━━ Input data
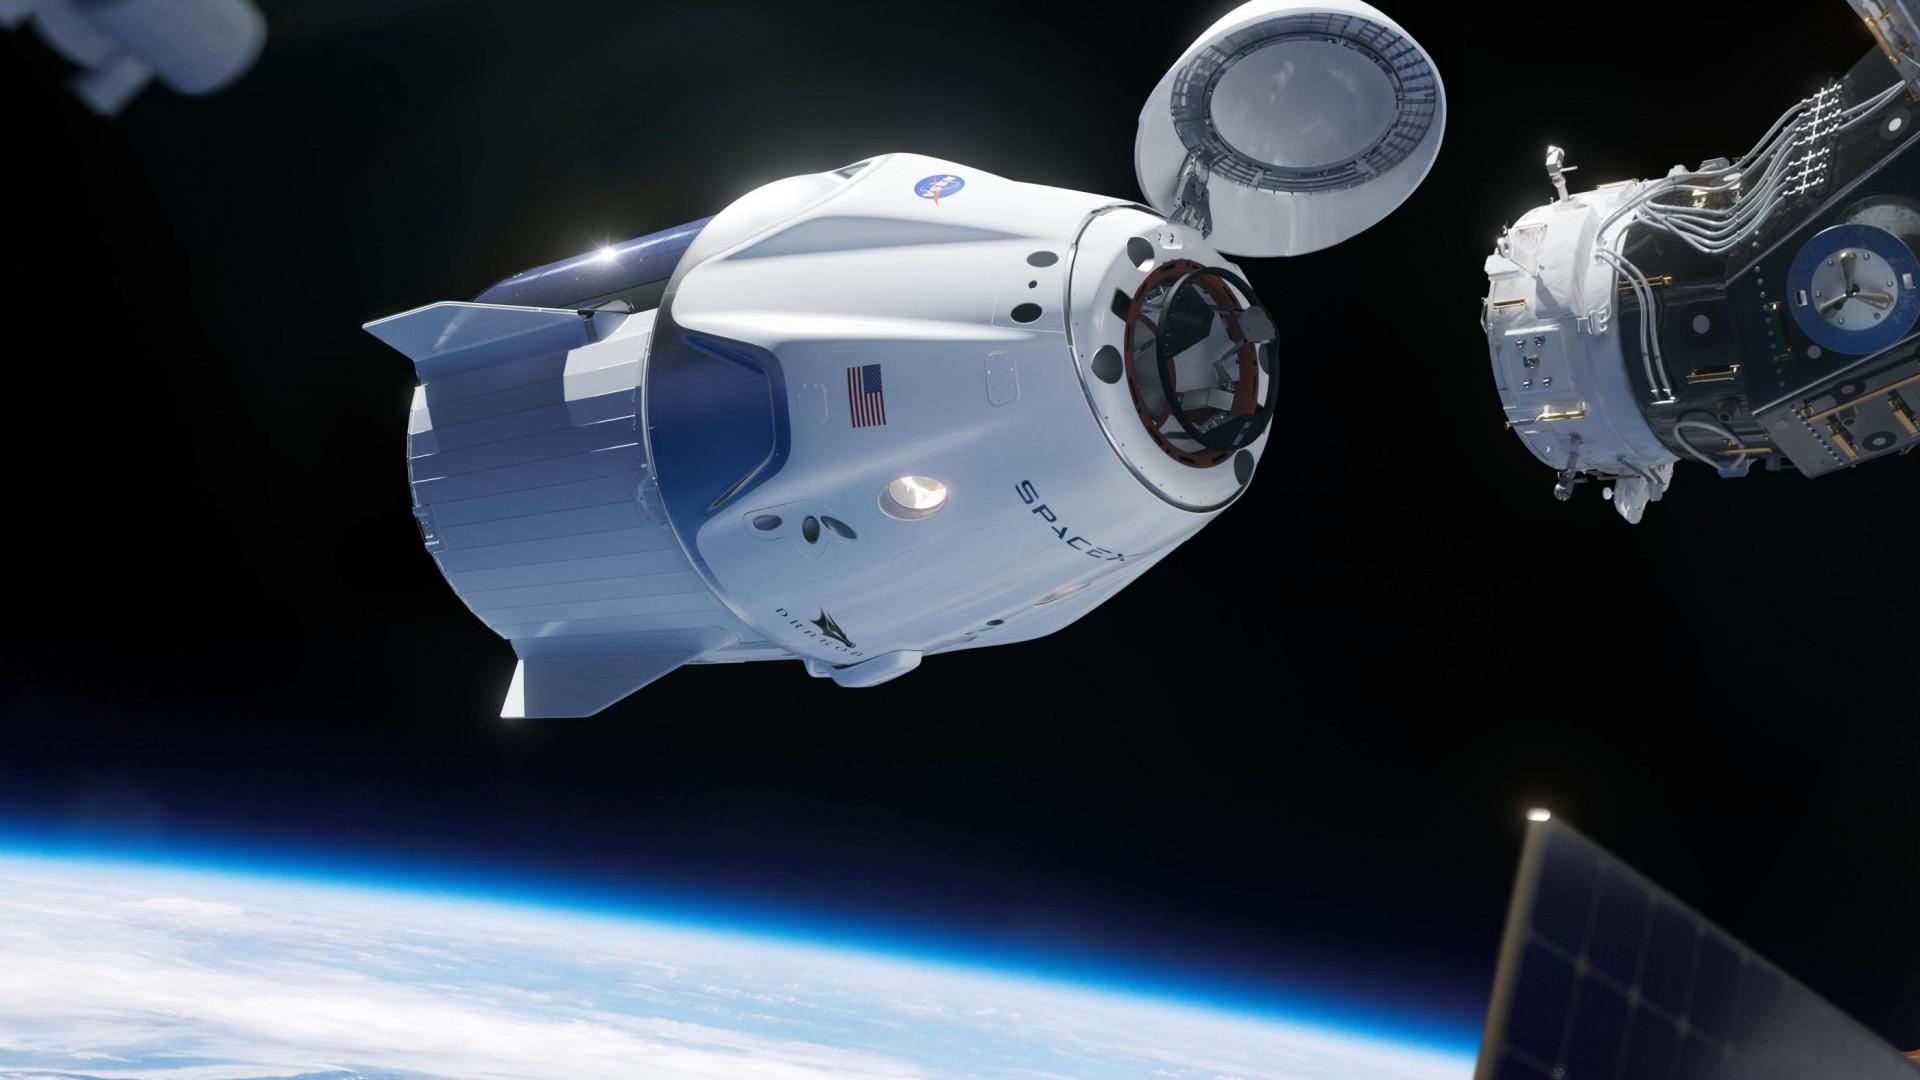 SpaceX planeja primeiro voo tripulado para maio
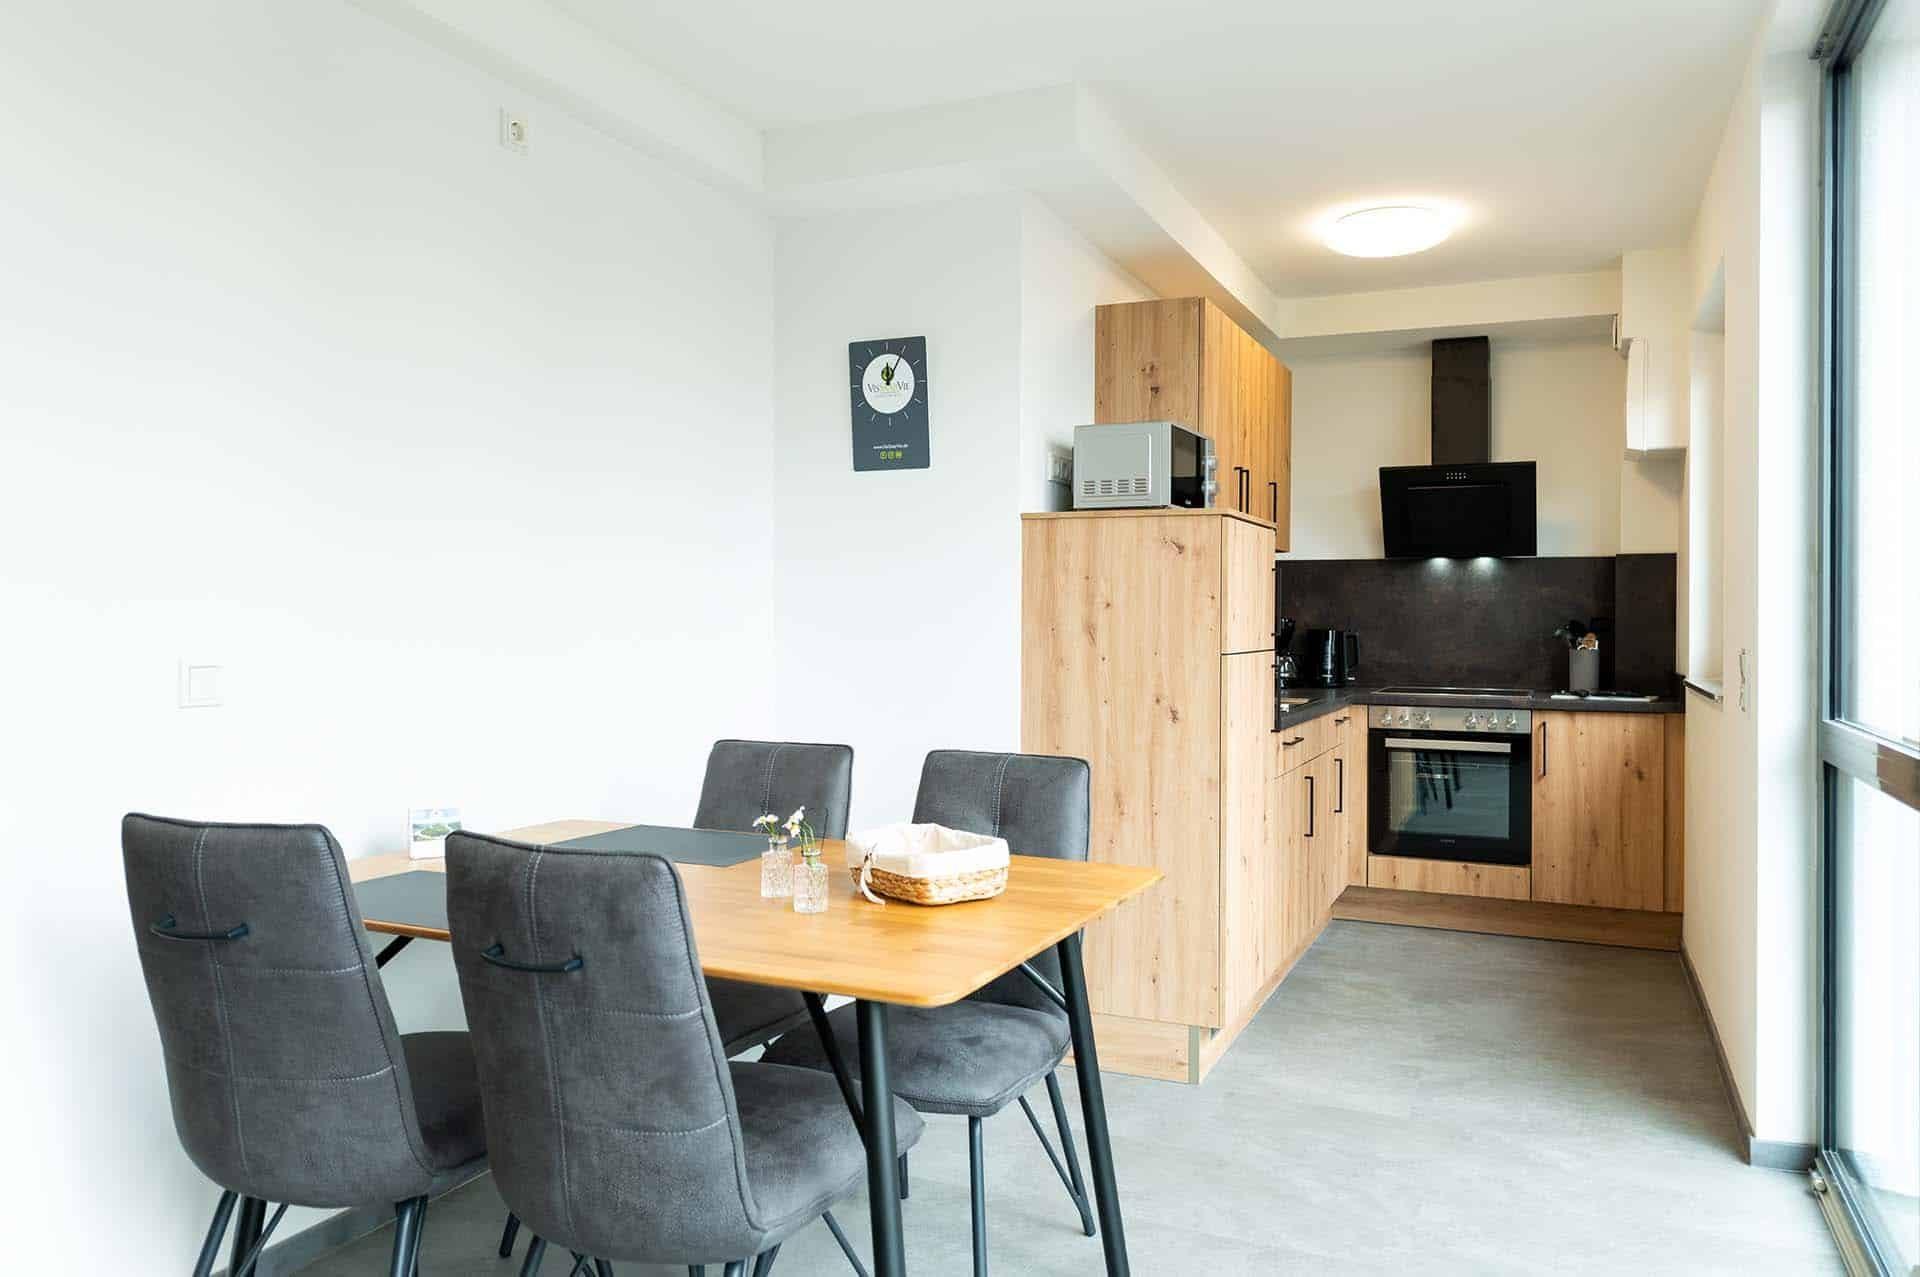 appartement-freudenburg-seszimmer-kueche
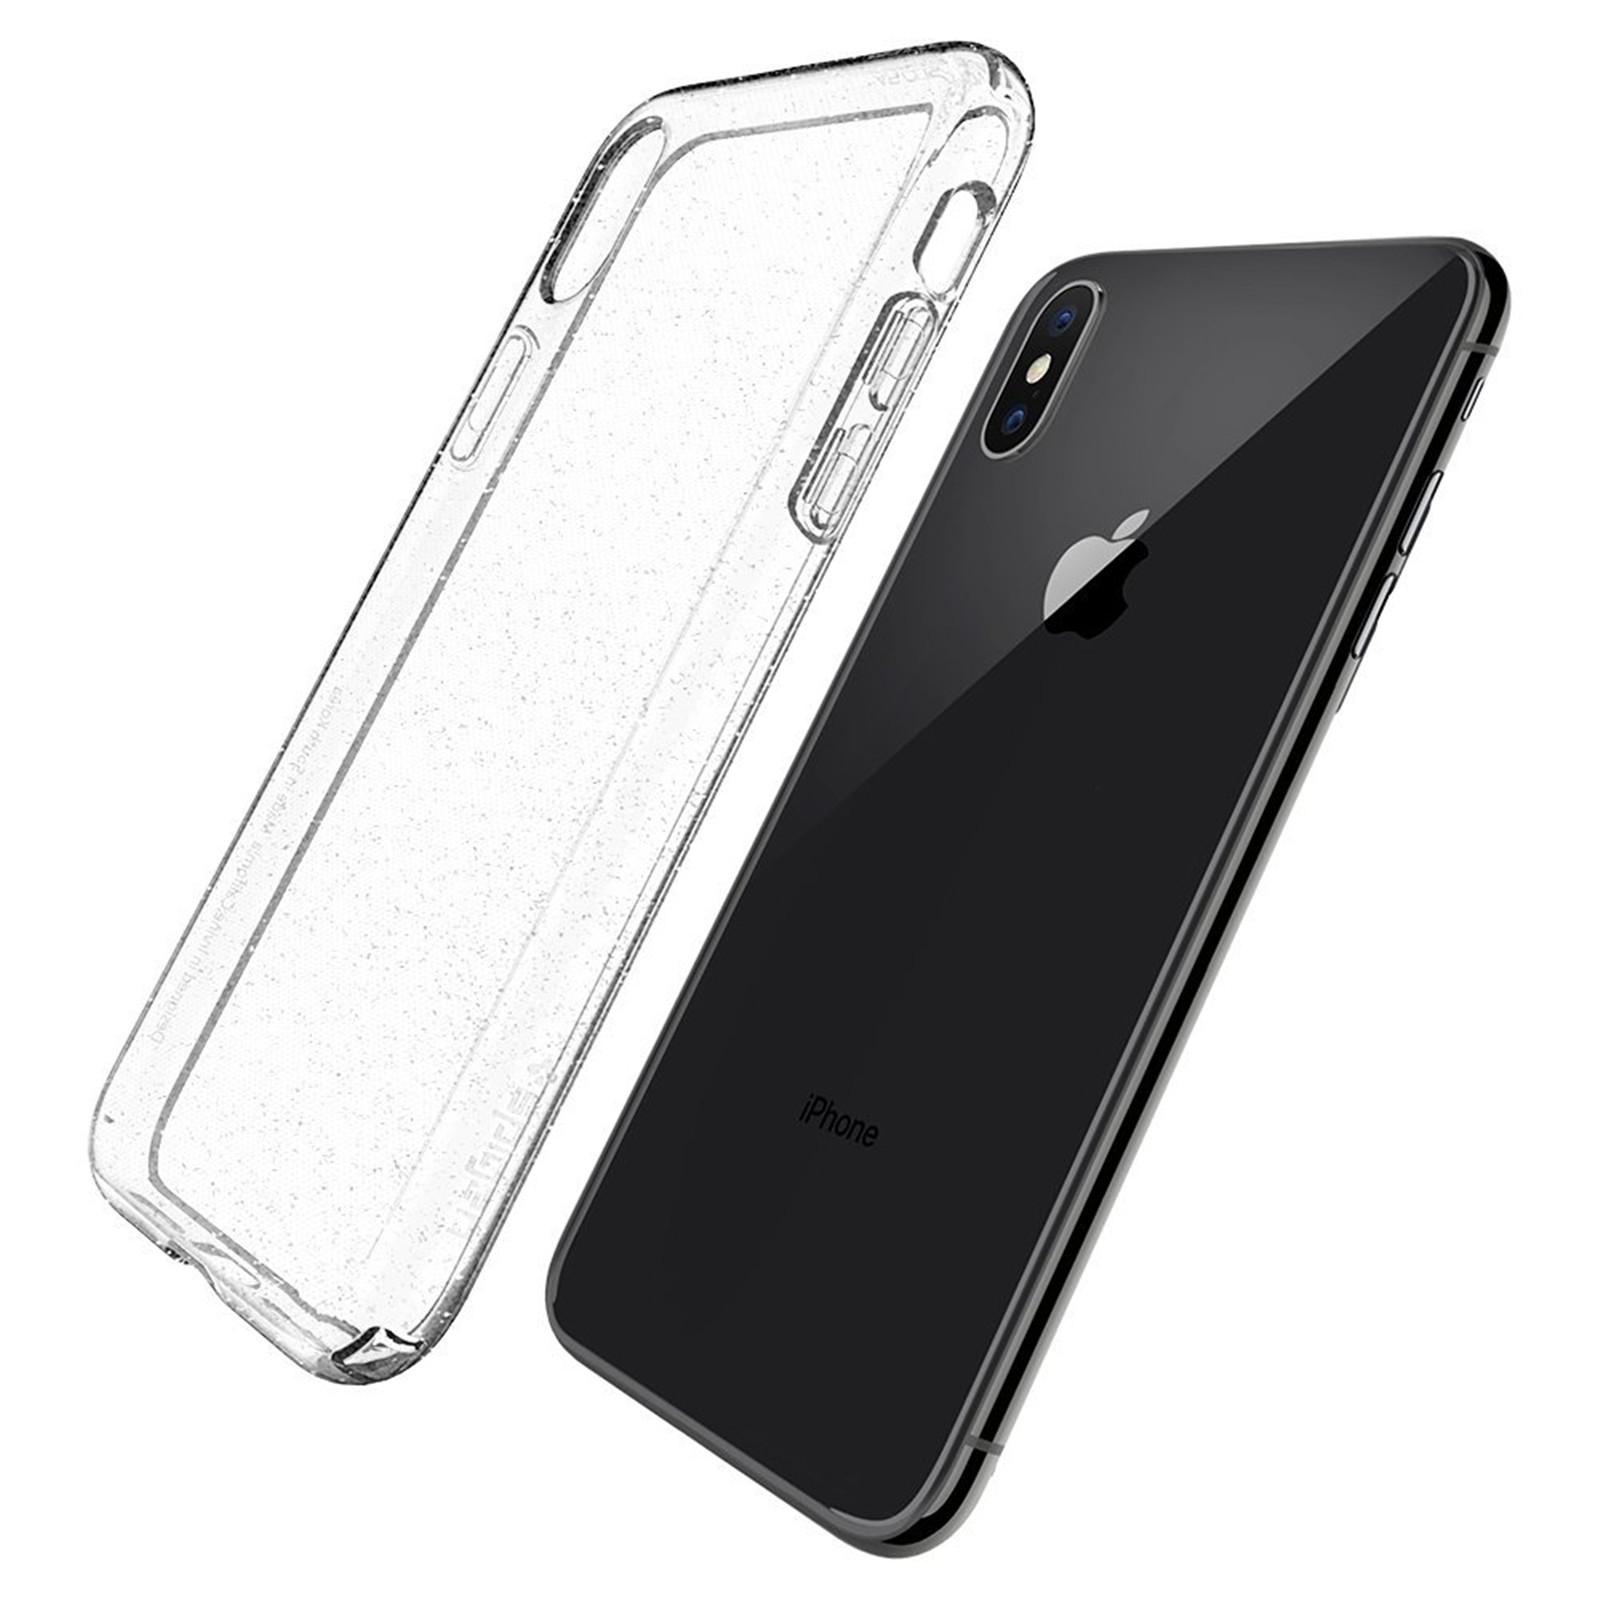 huge selection of 17aef 0998d Buy the Spigen iPhone X Liquid Crystal Case, Glitter Crystal Quartz,  ULTRA... ( 057CS22122 ) online
━━━━
*Action item:* The required output is every line from the one containing "appartement-freudenburg-seszimmer-kueche" through the last line of the data above, restated exactly and without pictures.

*Reply to the exercise:*
 appartement-freudenburg-seszimmer-kueche
 huge selection of 17aef 0998d Buy the Spigen iPhone X Liquid Crystal Case, Glitter Crystal Quartz,  ULTRA... ( 057CS22122 ) online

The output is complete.